• Your goal:
Write out the listing below character for character, though without its pictures.

• Dataset extract:
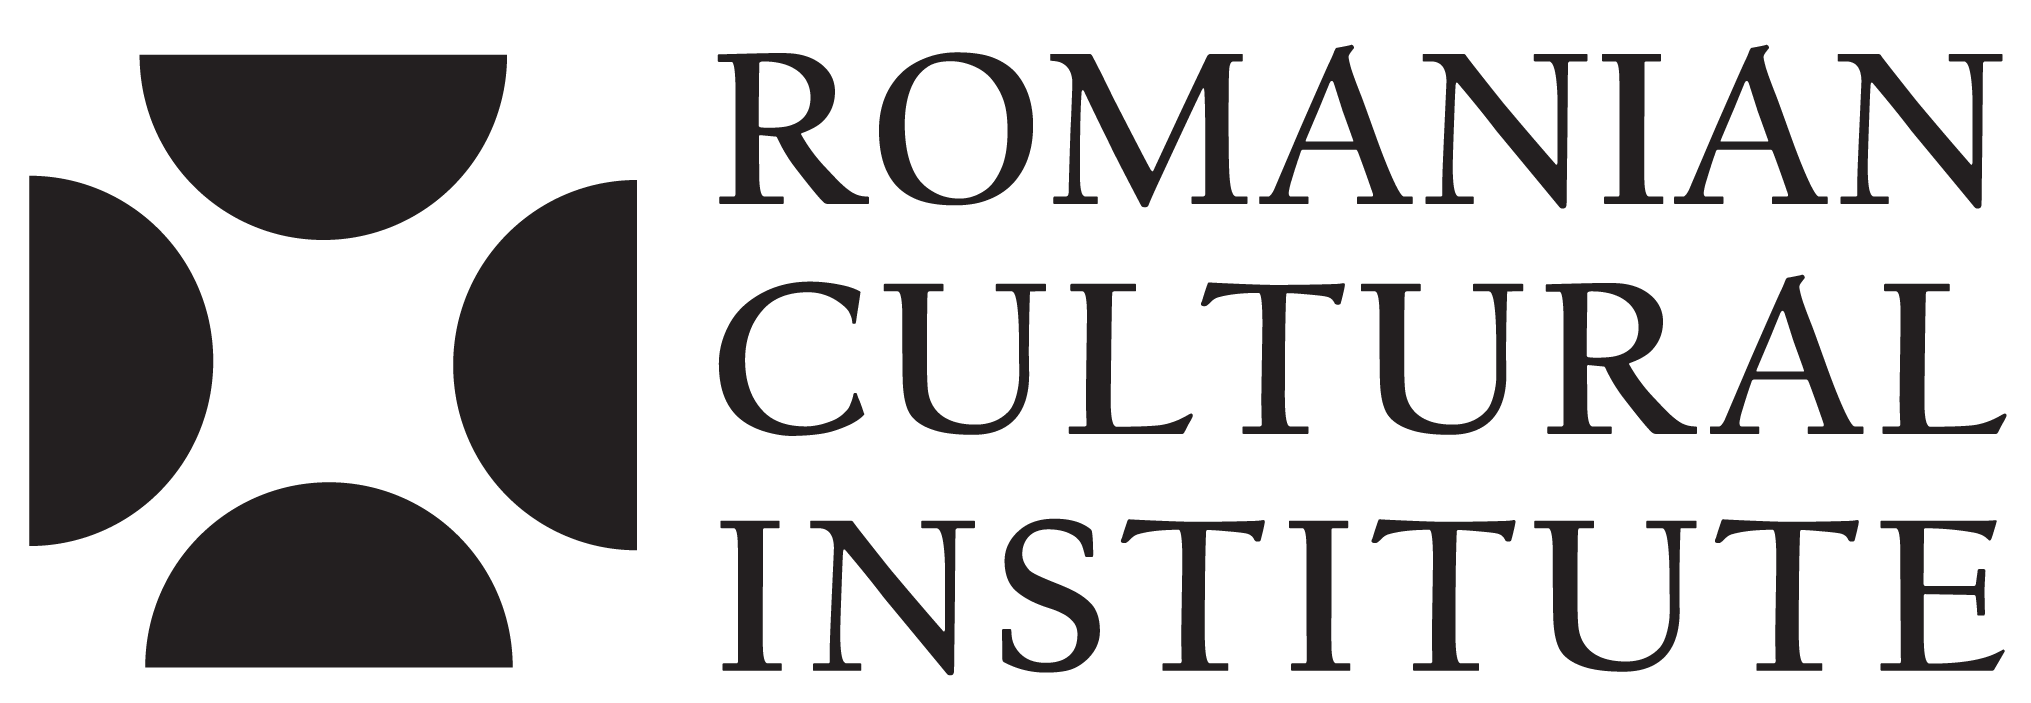 Romanian Cultural Institute logo copy.png
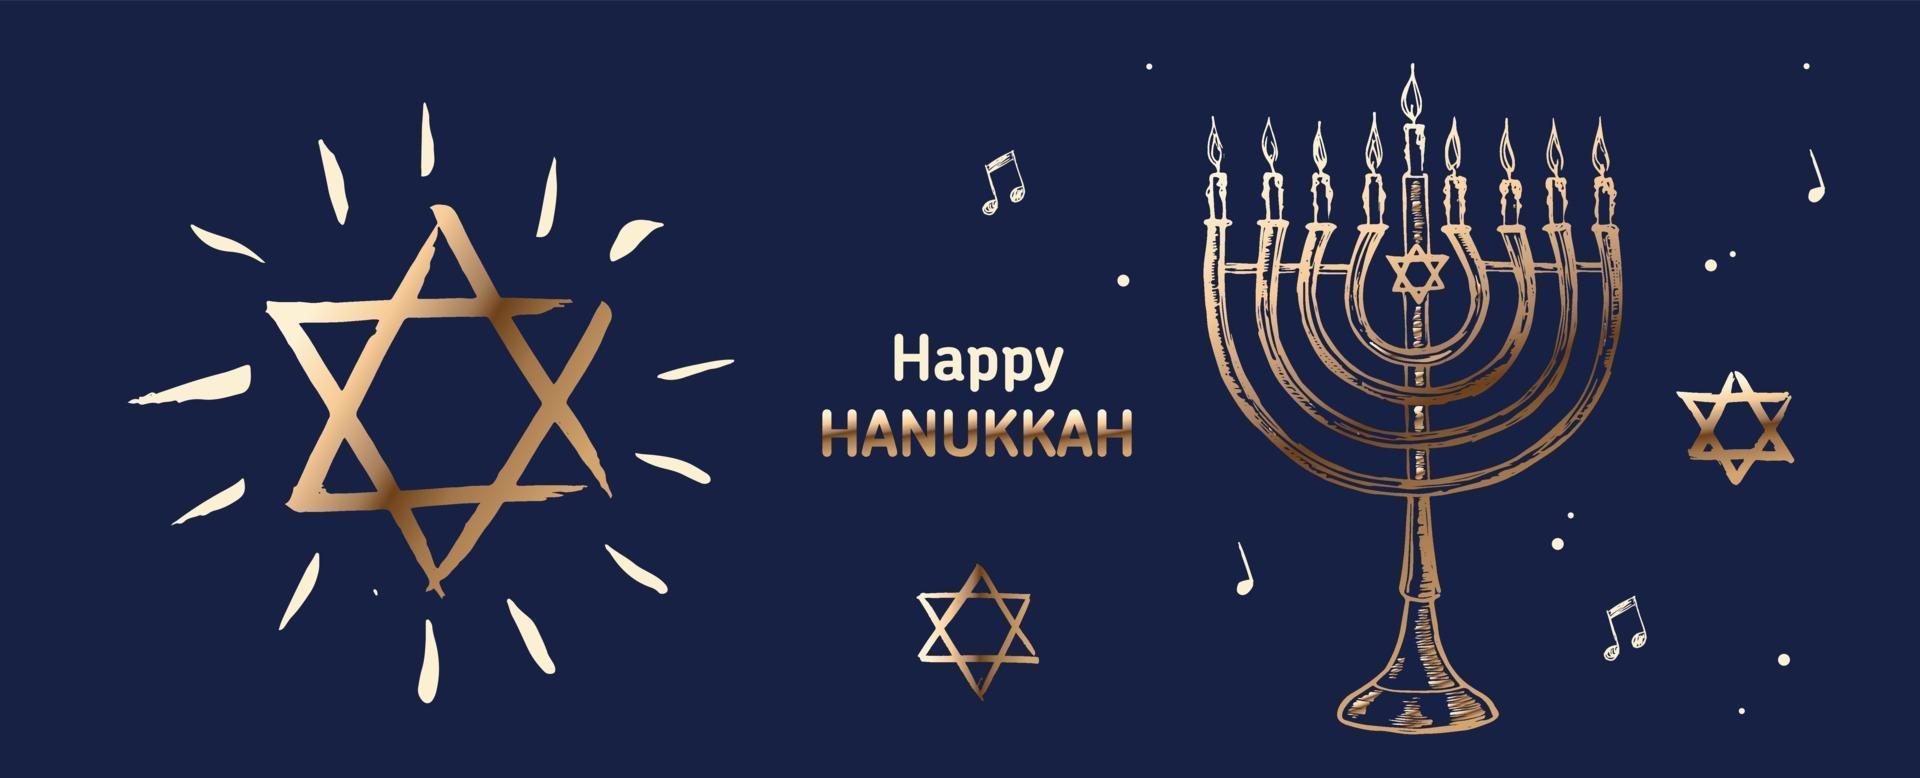 Hanukkah blue background with holiday candles, Hebrew David stars. Vector illustration.
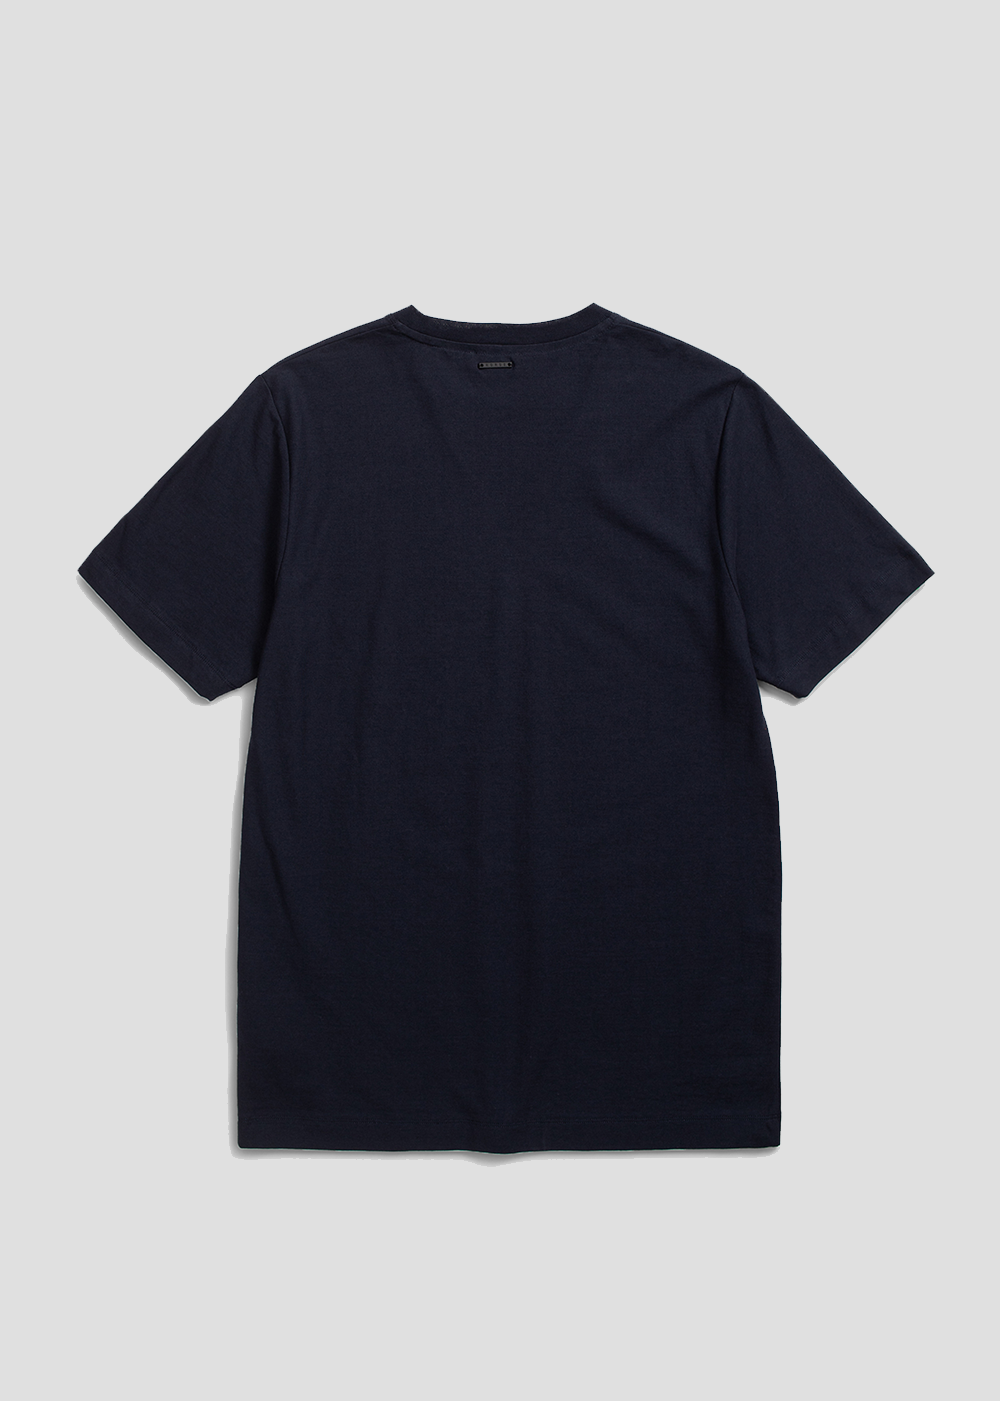 Jakob Cotton Crepe T-Shirt - Dark Navy - Norse Projects Canada - Danali

• Response for this exercise:
 Romanian Cultural Institute logo copy.png
 Hanukkah blue background with holiday candles, Hebrew David stars. Vector illustration.
 Jakob Cotton Crepe T-Shirt - Dark Navy - Norse Projects Canada - Danali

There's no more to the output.